Guerline speaks up. “What new friend?”
That I stay out of. Though it’s difficult given the glare I receive from Lotham. The police like to withhold as much information as possible, even from the families. I understand; nine times out of ten, the family is part of the problem, not the solution. But I’ve also worked cases where such communication gaps led to stalls in the investigation. If someone had just mentioned discovery A to family member B, then investigator C would’ve learned immediately about the impossibility of that claim.
Being an untrained, inexperienced civilian, as Detective Lotham likes to put it, I’m not bound by department policy. Instead, I get to follow my gut. Given the genuine shock, grief, and fear I see on Guerline’s and Emmanuel’s faces, I think they have no idea what happened to Angelique. Whatever mess she’d made or stumbled into or gotten tangled up in, they would like to know as much as anyone.

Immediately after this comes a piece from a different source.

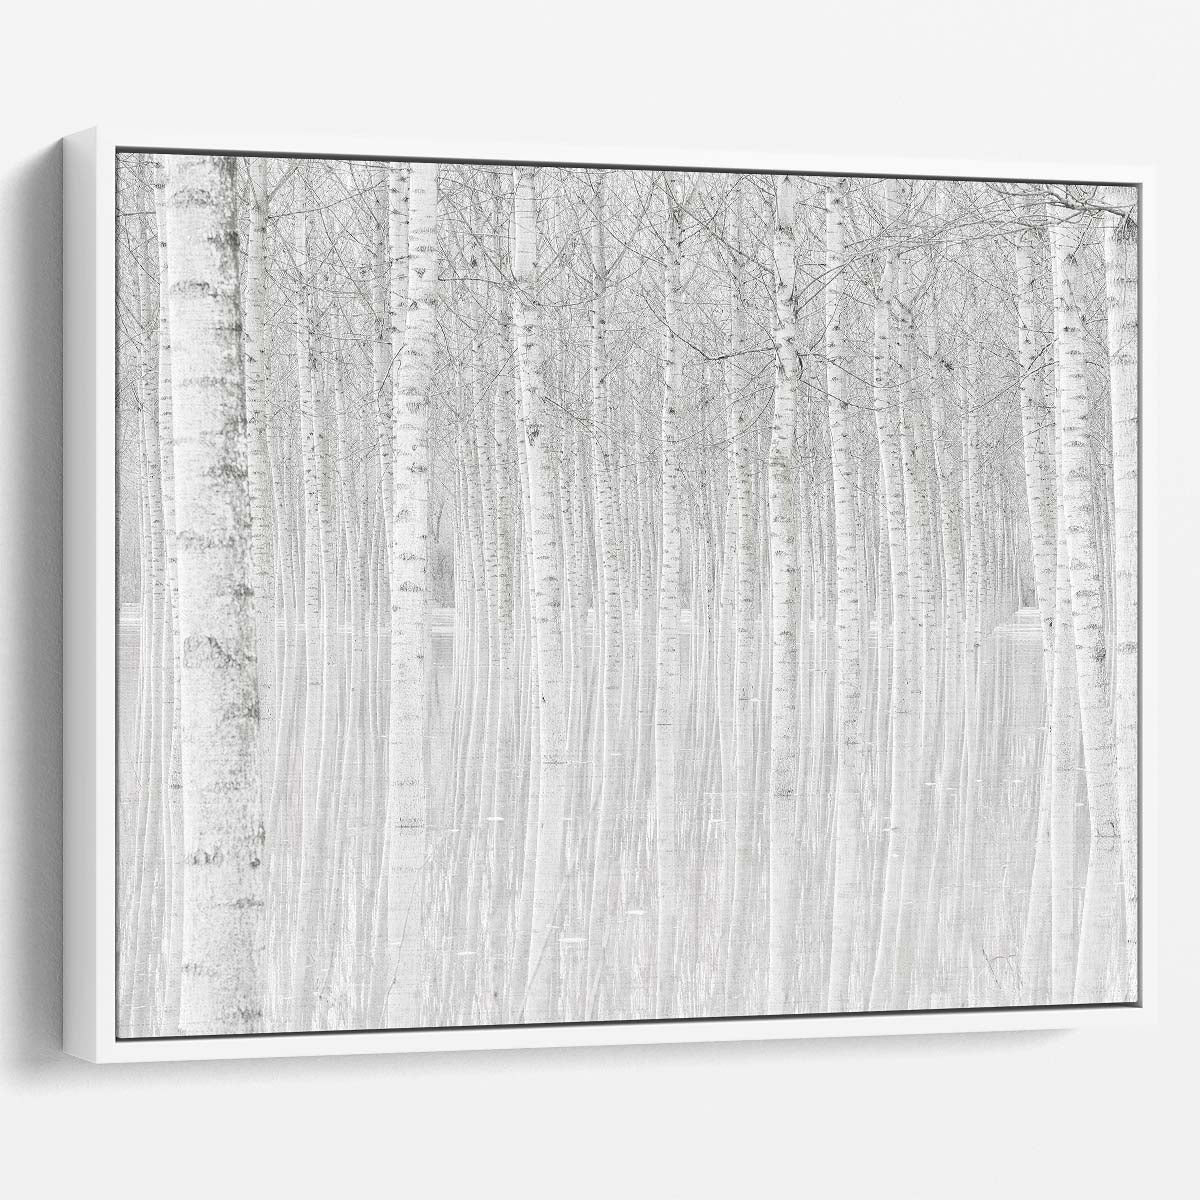 Snowy Birch Forest Winter Wonderland Wall Art by Luxuriance Designs. Made in USA.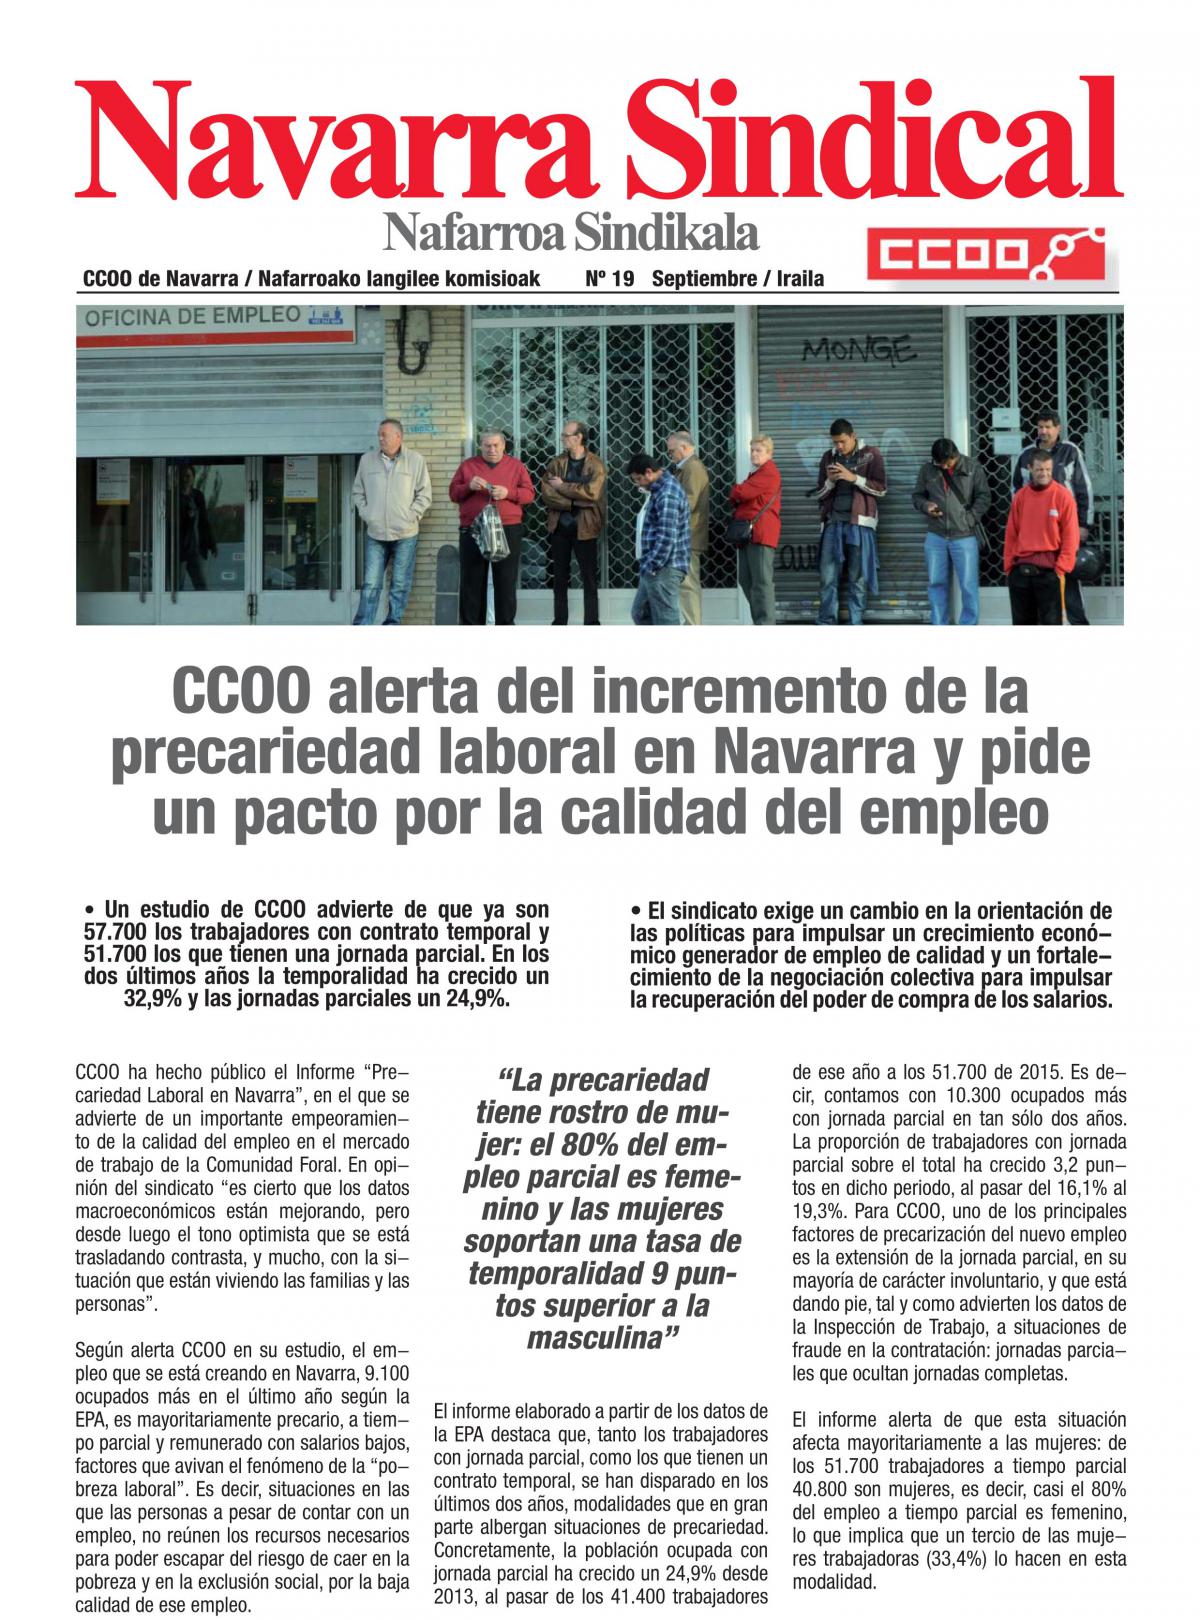 CCOO alerta del incremento de la precariedad laboral en Navarra y pide un pacto por la calidad del empleo

I also like to think: They would love her anyway. But maybe that has more to do with my needs than theirs.
“Angelique’s friends claim she was different the fall she disappeared,” Lotham provides at last. “Distracted. Maybe by someone she’d met during the summer program at the rec center. Did you notice anything?”
Guerline doesn’t answer right away. On the table, O’Shaughnessy is still clasping her hand in his. Now, he gives her fingers a reassuring squeeze.
“My Angel, she was... quieter,” Guerline concedes at last. “On her computer more. I assumed it was school. Her classes are very demanding, yes, and she insists on taking even more, over the internet. She wants to get ahead. This is a good thing. I did not worry. I did not think to worry.”